== Segment start ==

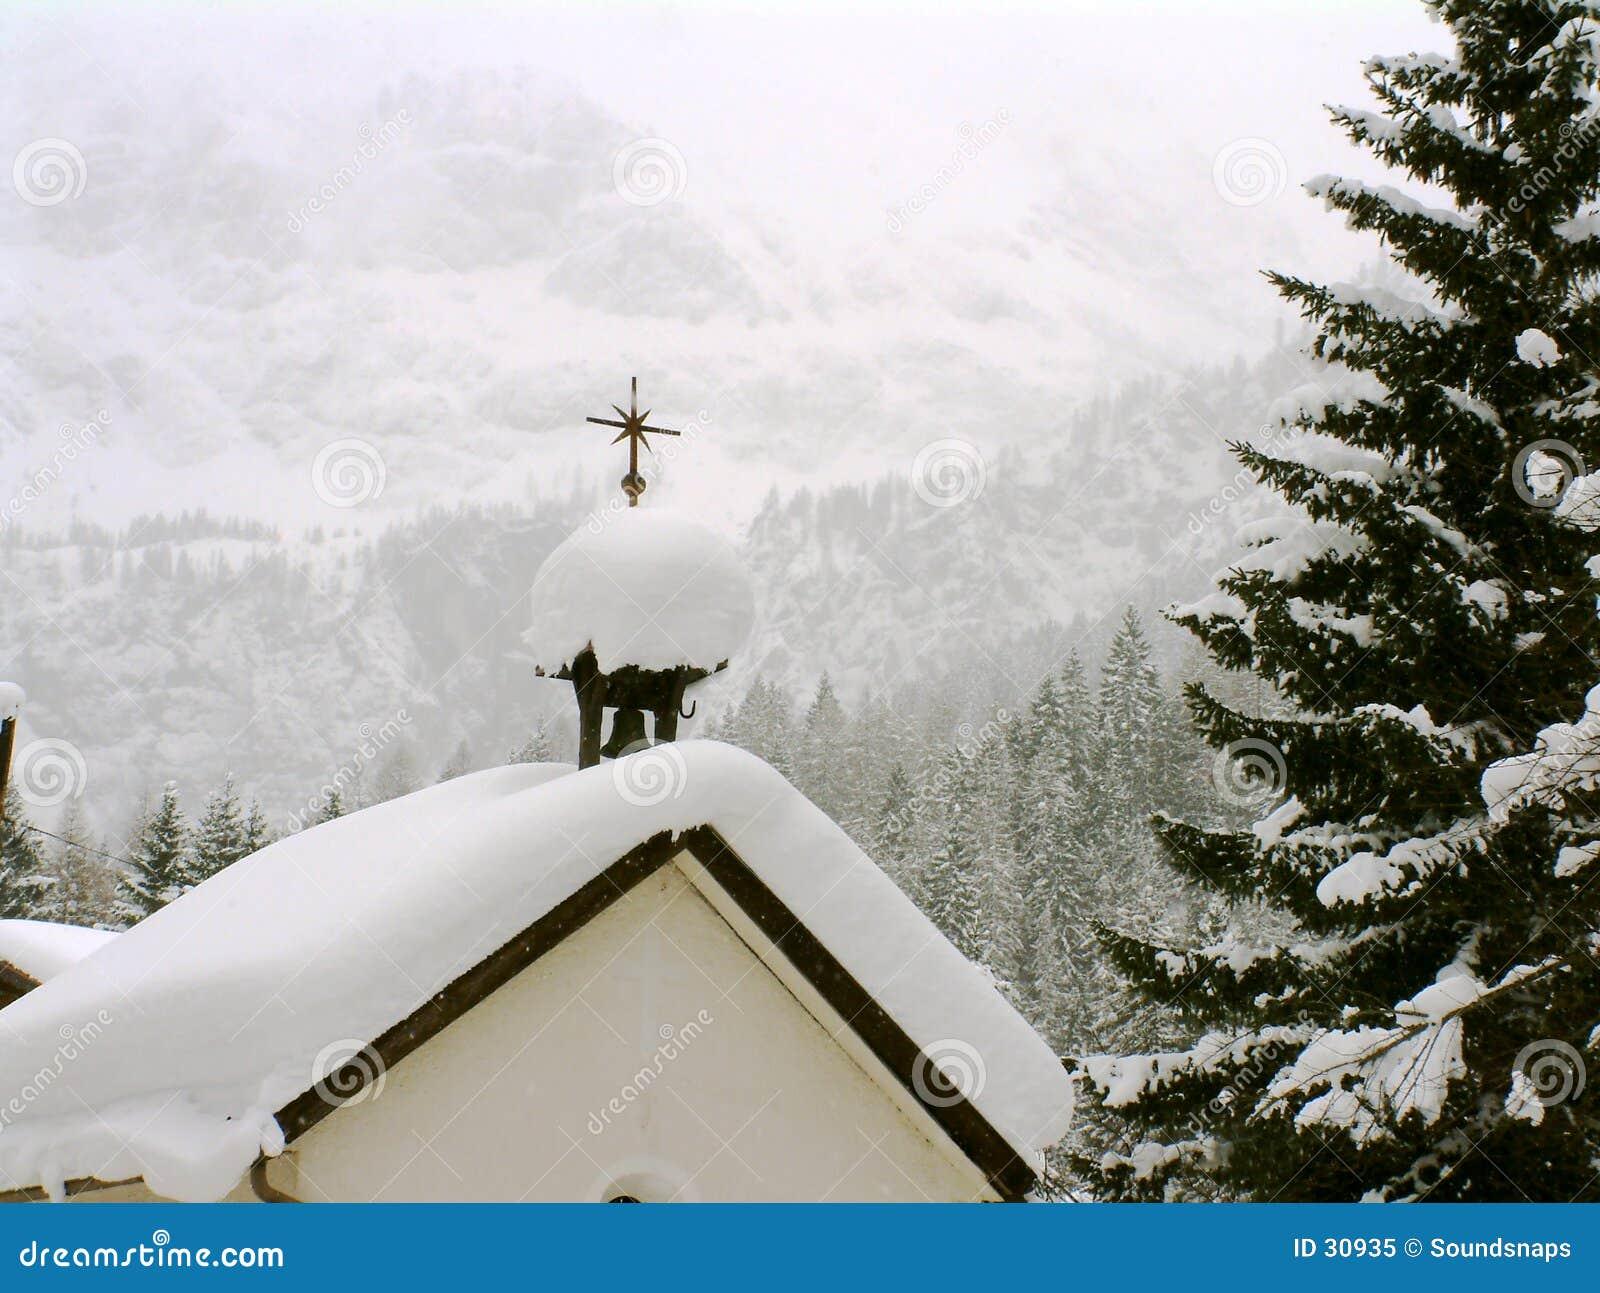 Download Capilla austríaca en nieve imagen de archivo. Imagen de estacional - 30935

== Segment end ==
== Segment start ==

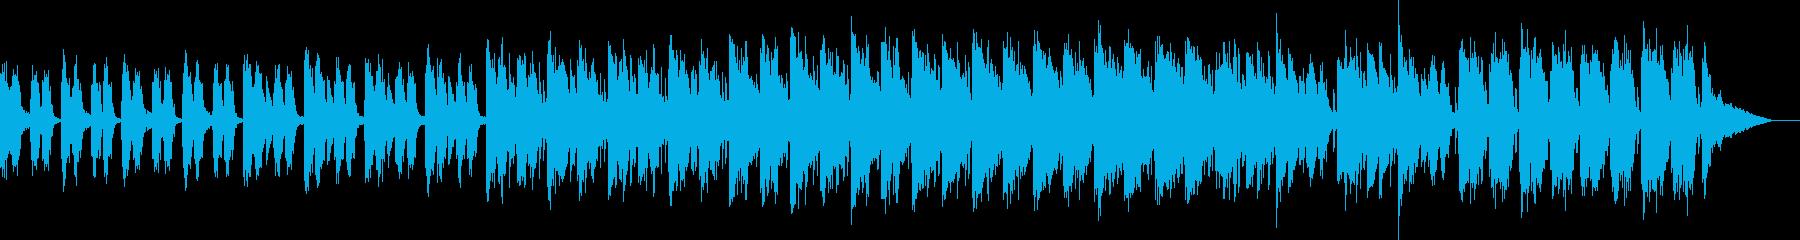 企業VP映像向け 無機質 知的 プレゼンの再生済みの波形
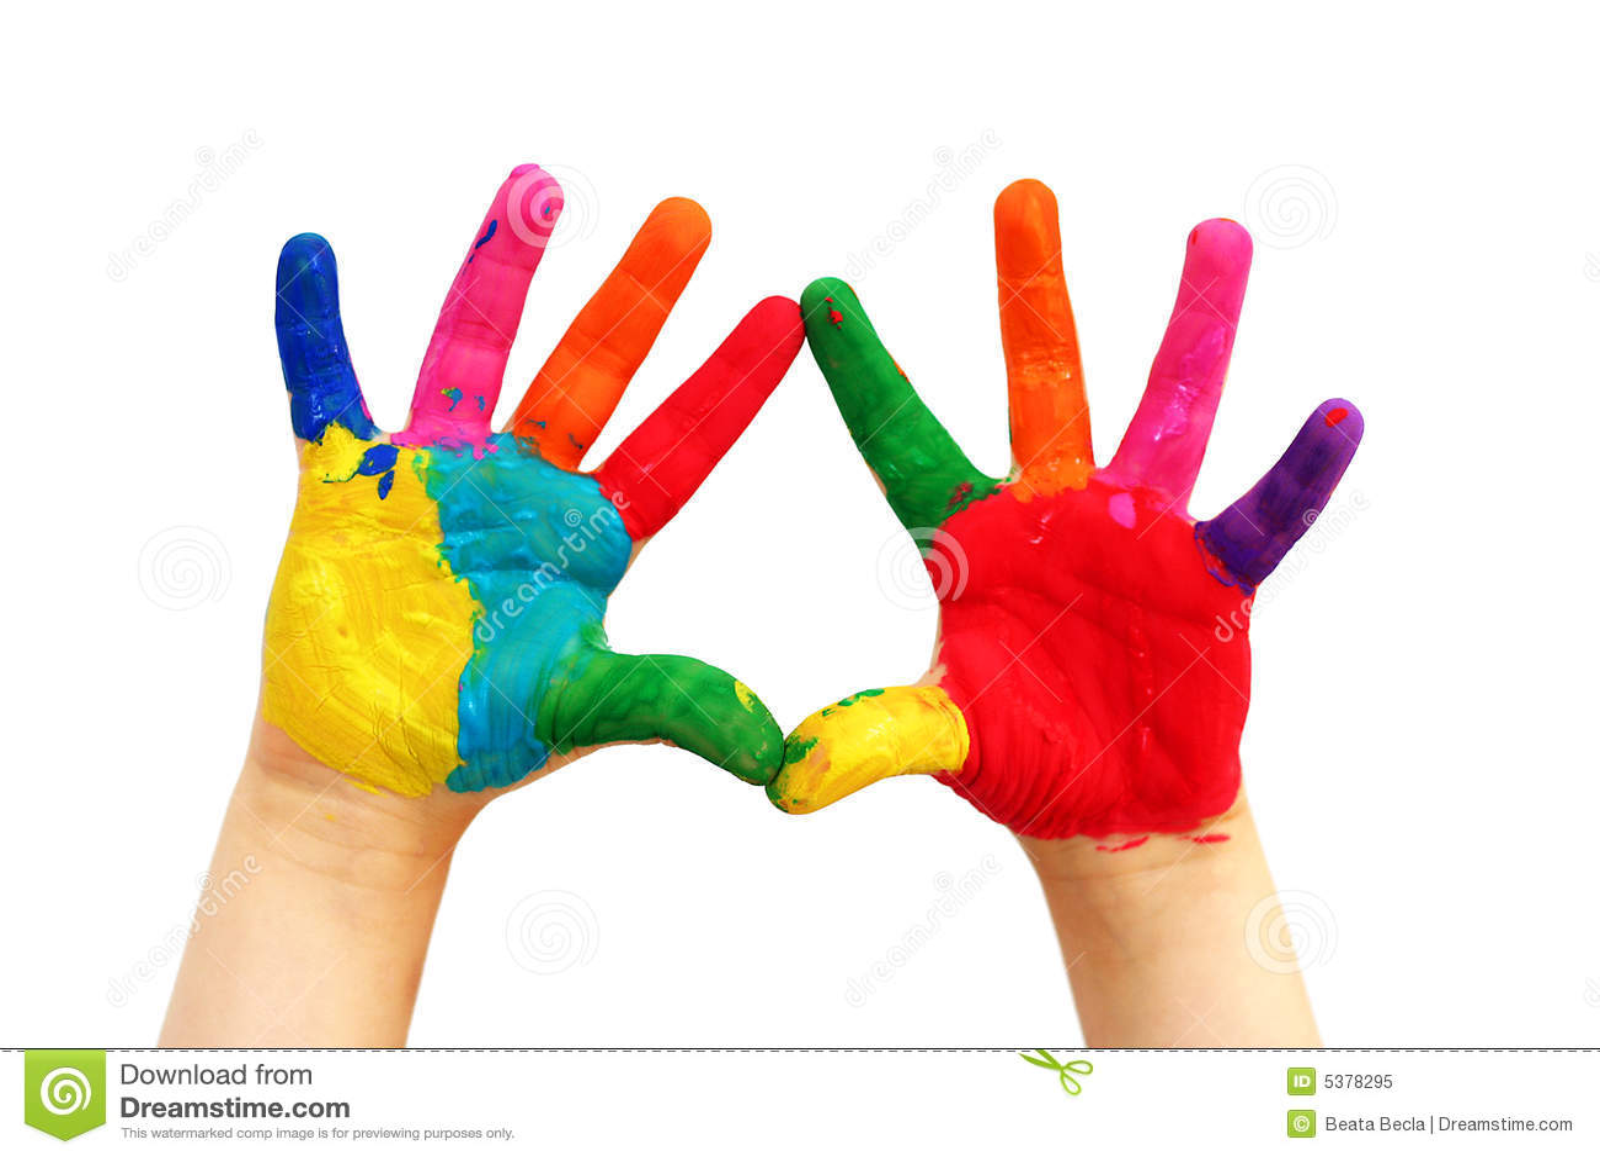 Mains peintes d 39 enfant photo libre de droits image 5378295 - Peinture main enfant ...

== Segment end ==

What you are asked to do
Using the listing above, restate exactly the range between the lines holding "企業VP映像向け 無機質 知的 プレゼンの再生済みの波形" and "Mains peintes d", inclusive, with pictures left out.

Exercise result
 企業VP映像向け 無機質 知的 プレゼンの再生済みの波形
 Mains peintes d 39 enfant photo libre de droits image 5378295 - Peinture main enfant ...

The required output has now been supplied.